Preserved attic of Kamień Pomorski cathedral is actually the OLDEST in Poland, say scientists
The attic of a 13th century cathedral has been found to contain the oldest known roof truss in Poland.
Originally thought to have been a modern-day construction, conservators from the Faculty of Fine Arts of the Nicolaus Copernicus University in Toruń made the incredible discovery after being called in to examine the state of the attic.
Dr. Maciej Prarat said: “We did not expect such a discovery. At the request of the West Pomeranian Provincial Conservator of Monuments, we were to assess the value of the timber roof truss (the roof support frame - ed. PAP - Science in Poland) of the cathedral in Kamień Pomorski. When we entered the attic, we immediately noticed the unusual, archaic construction style.”
He added: “The truss has retained the structure from the 13th century. However, during the more than 650-year history of the temple, wooden elements were replaced in many places or new reinforcements were added.
“Our analyses show that they were brought from the nearby island of Wolin. There are even traces of floating on many elements. These are two small holes used to connect the logs with ropes while floating.”
The cathedral in Kamień Pomorski is considered the oldest religious building in Western Pomerania with previous analysis of the temple focused mainly on its medieval walls.
The temple dates back to the 12th century. After the conquest of Pomerania by Bolesław III Wrymouth, the Bishop of Bamberg, St. Otto christianised the area in the years 1124-1128 and a bishopric was established in Wolin in 1140.
As a result of the Danish invasions, the bishopric was then moved to Kamień Pomorski, where in 1176 Casimir I, Duke of Pomerania, founded a new cathedral, the roof truss of which is now being analysed by Toruń conservators.
Prarat said: “It never occurred to anyone that the roof truss also comes from the period.”

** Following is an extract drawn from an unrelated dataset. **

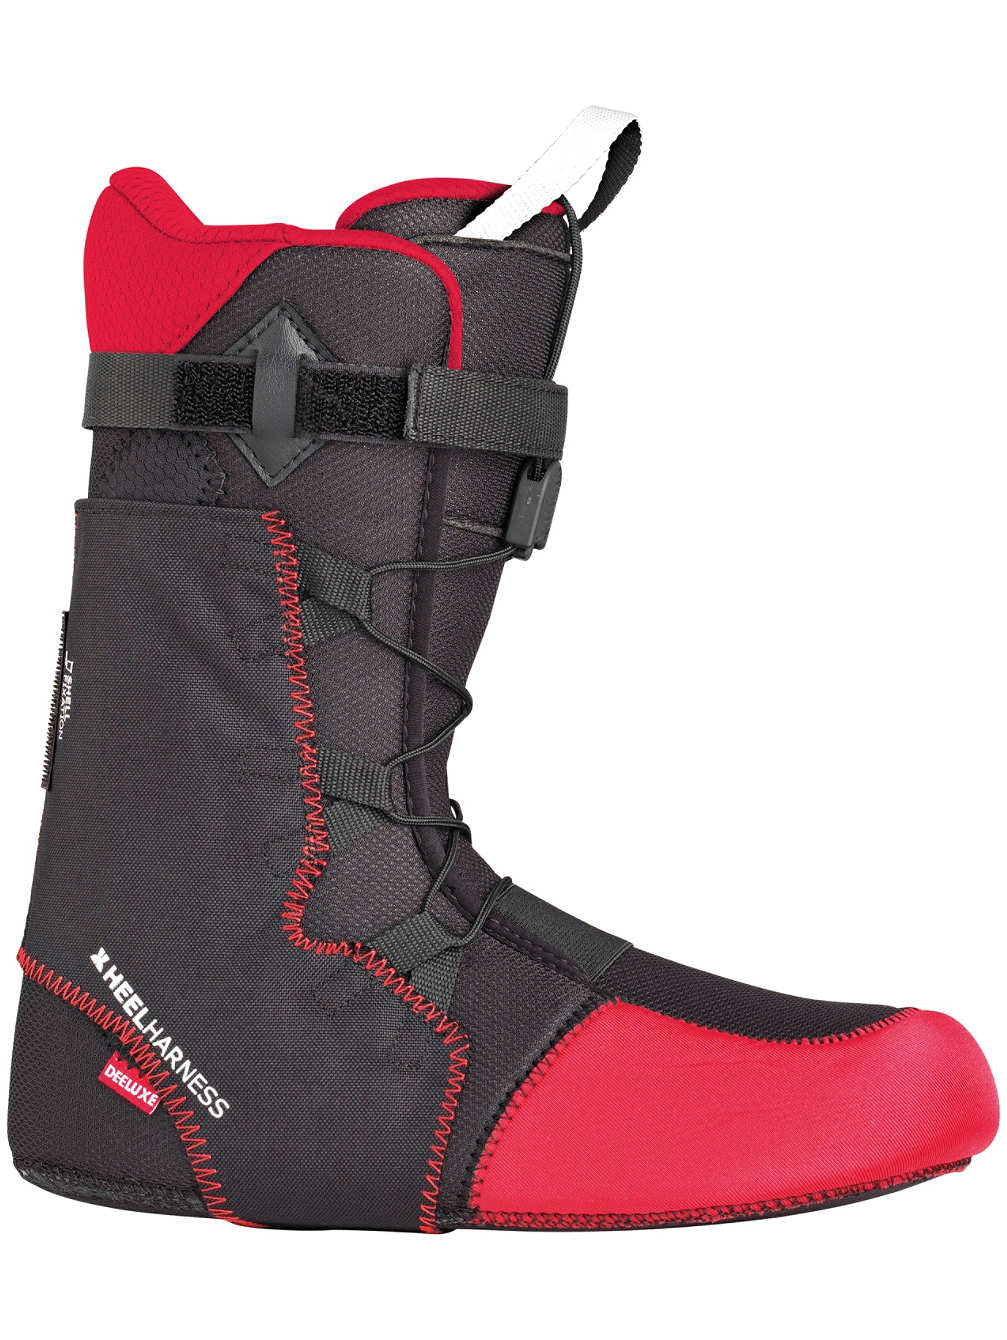 Wkładki do butów snowboardowych Thermo Flex Deeluxe Premium Liner, rozmiar 44/29cm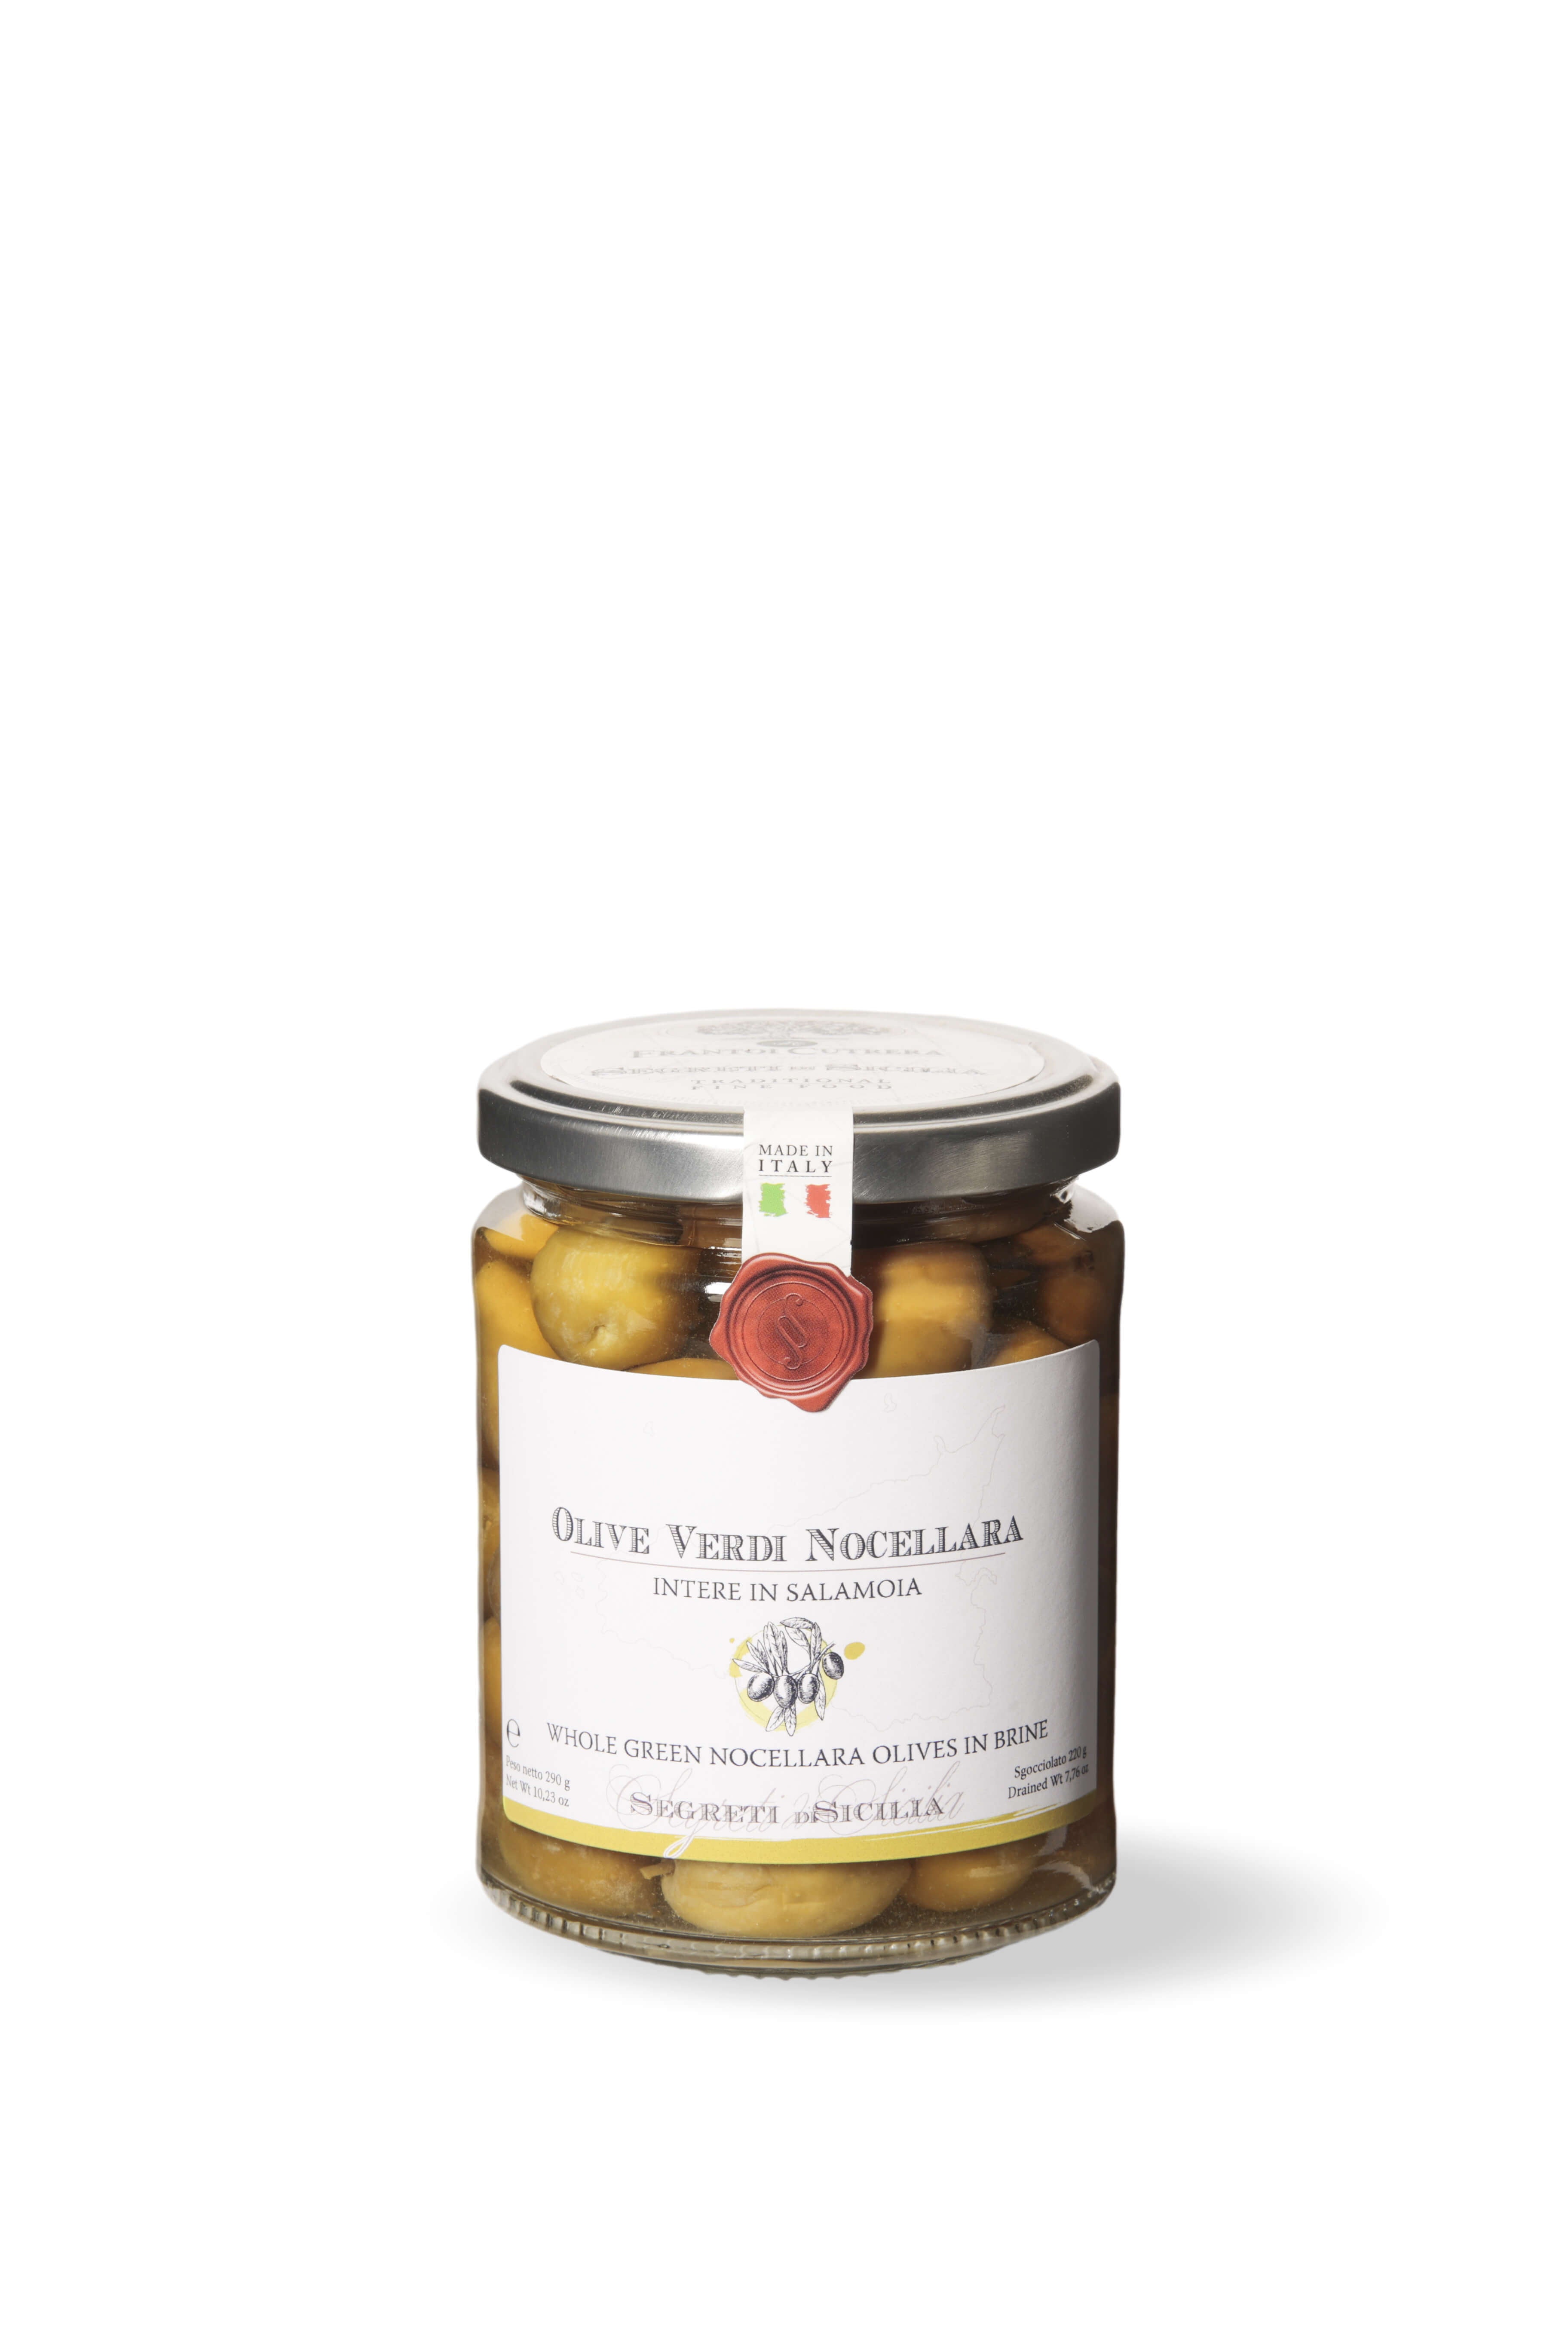 Olive verdi Nocellara intere in salamoia – Segreti di Sicilia

Expert (dendrochronological) analyses of more than 30 samples provided confirmation. They show that the truss above the aisle crossing was made of timber cut in the years 1260-1268. The wood elsewhere, above the nave, was cut later, in the years 1360-1361. But a preliminary examination of the chancel roof suggests that the timber for its construction may come from the first half of the 13th century.
Prarat said: “The construction of the chancel and the nave crossing, in several periods, was finally completed by the 1360s, as the results of our research confirm. The nave was roofed a hundred years later'
The analyses show that the structural system and the carpentry technique used during the construction of the roof of the cathedral in Kamień Pomorski are unique in Poland.
They appear in German-speaking territories in the 13th and 14th centuries, the carpentry workshop techniques of which probably came from there.
Scientists analysed the timber used to build the roof and found that axes, hatchets and saws were used to process it. Prarat said: “This set of tools was used until the 19th century. The carpentry solutions, which were quite archaic and time-consuming, also pointed to the medieval origins of the structure. They were not as repeatable and universal as those used in later times.”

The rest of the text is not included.